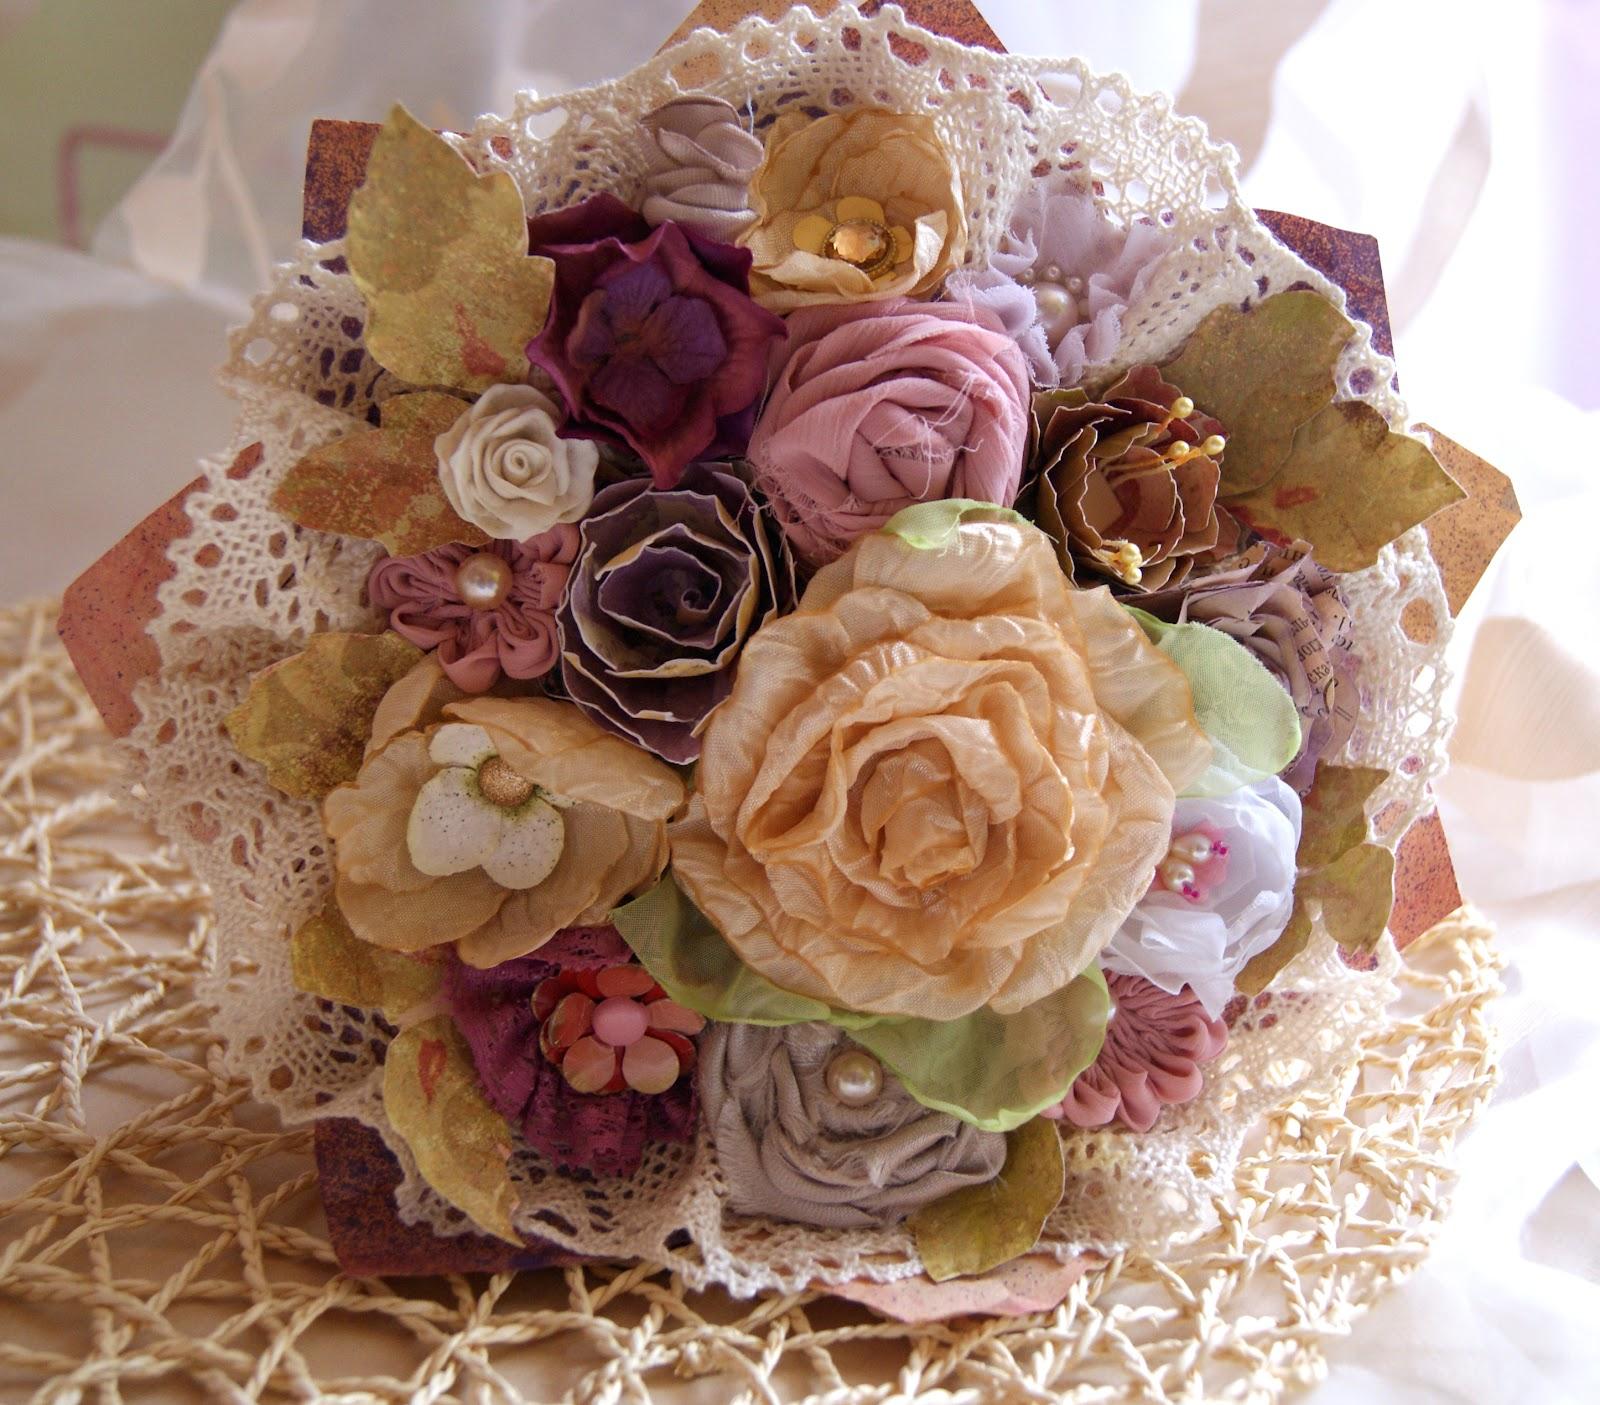 Композиция из цветов из ткани фото
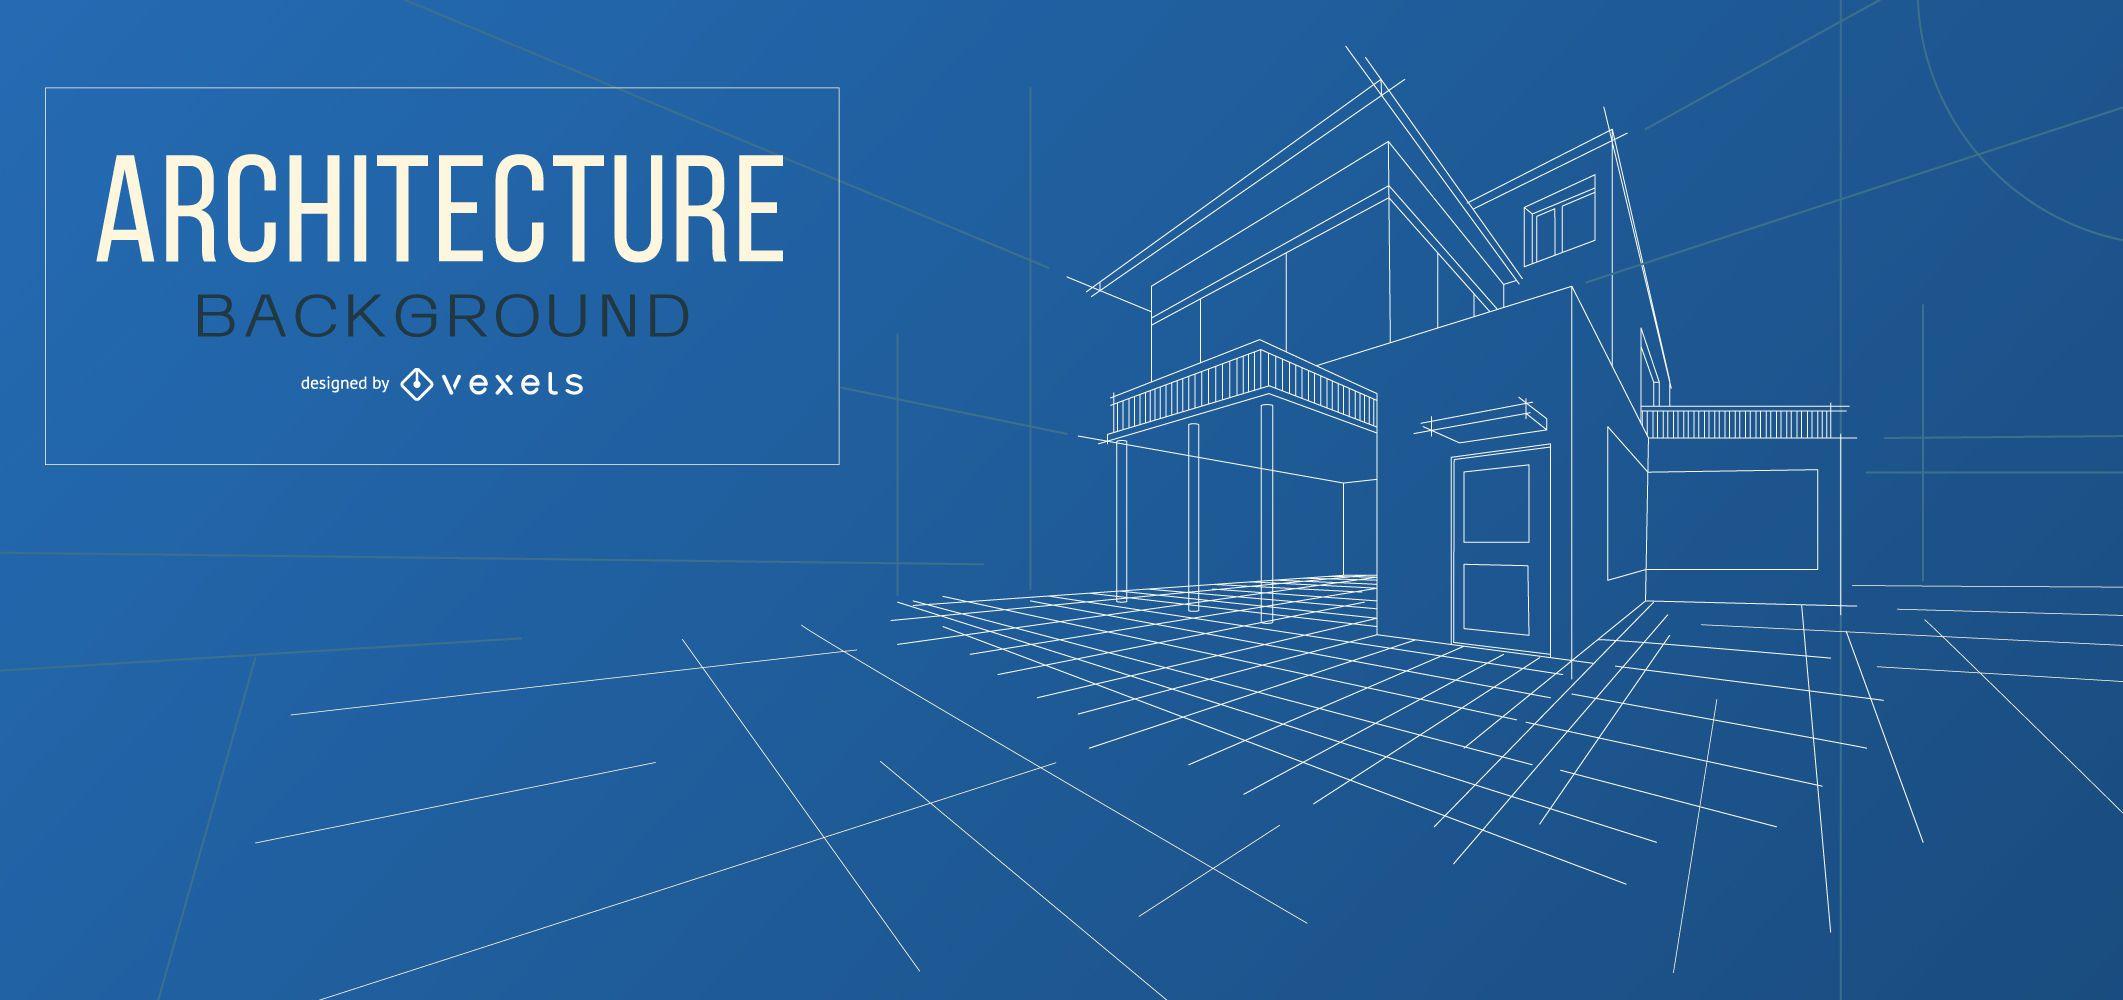 Architecture blueprint background design
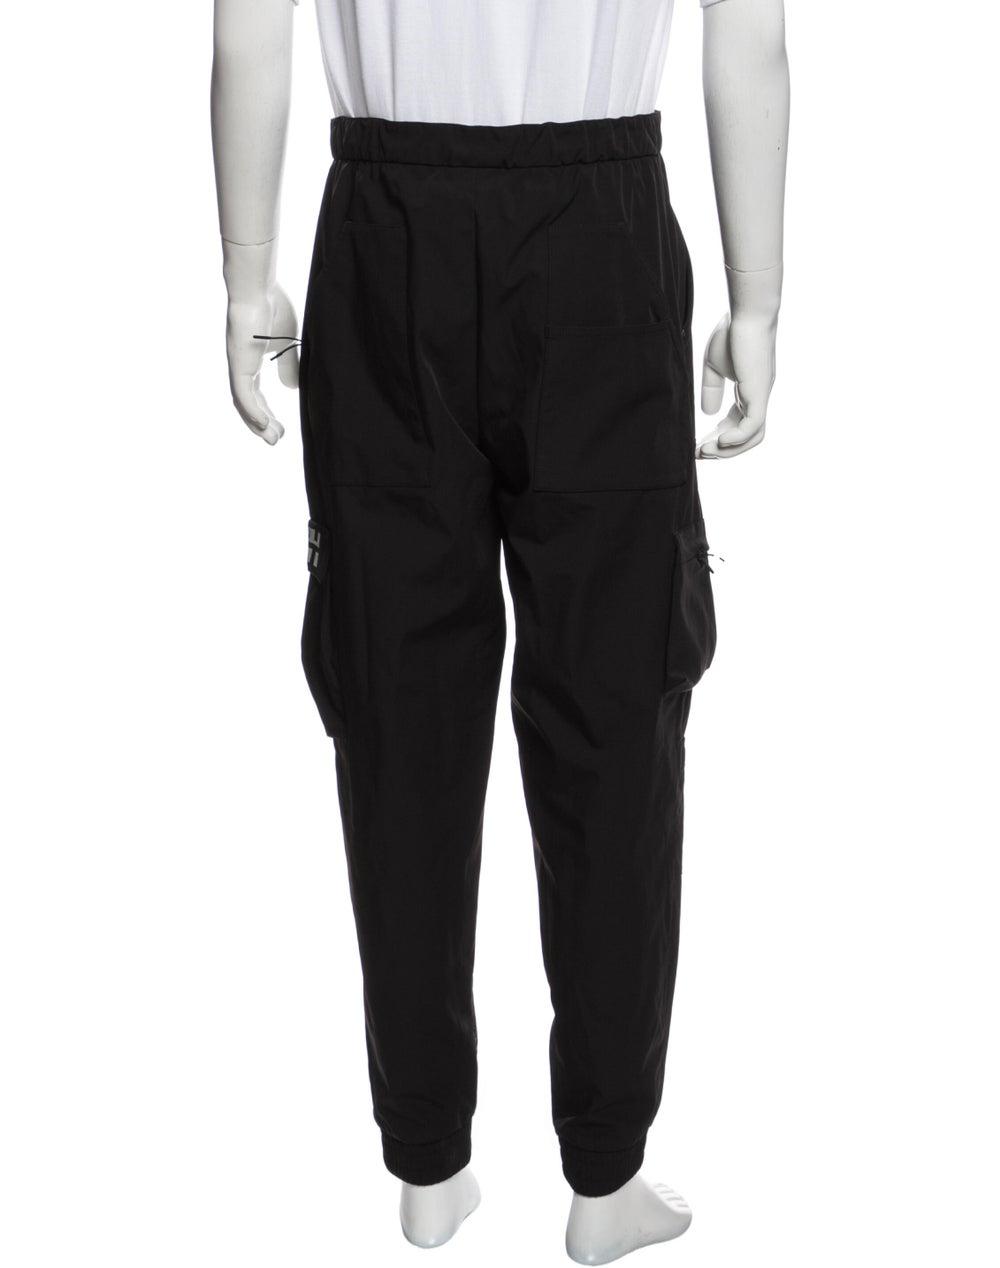 Kith Graphic Print Cargo Pants Black - image 3

Task instructions ::
Could you set down word for word each line from the one holding "Architecture blueprint background design" through the end of the material above, without any pictures?

Answer box ::
 Architecture blueprint background design
 Kith Graphic Print Cargo Pants Black - image 3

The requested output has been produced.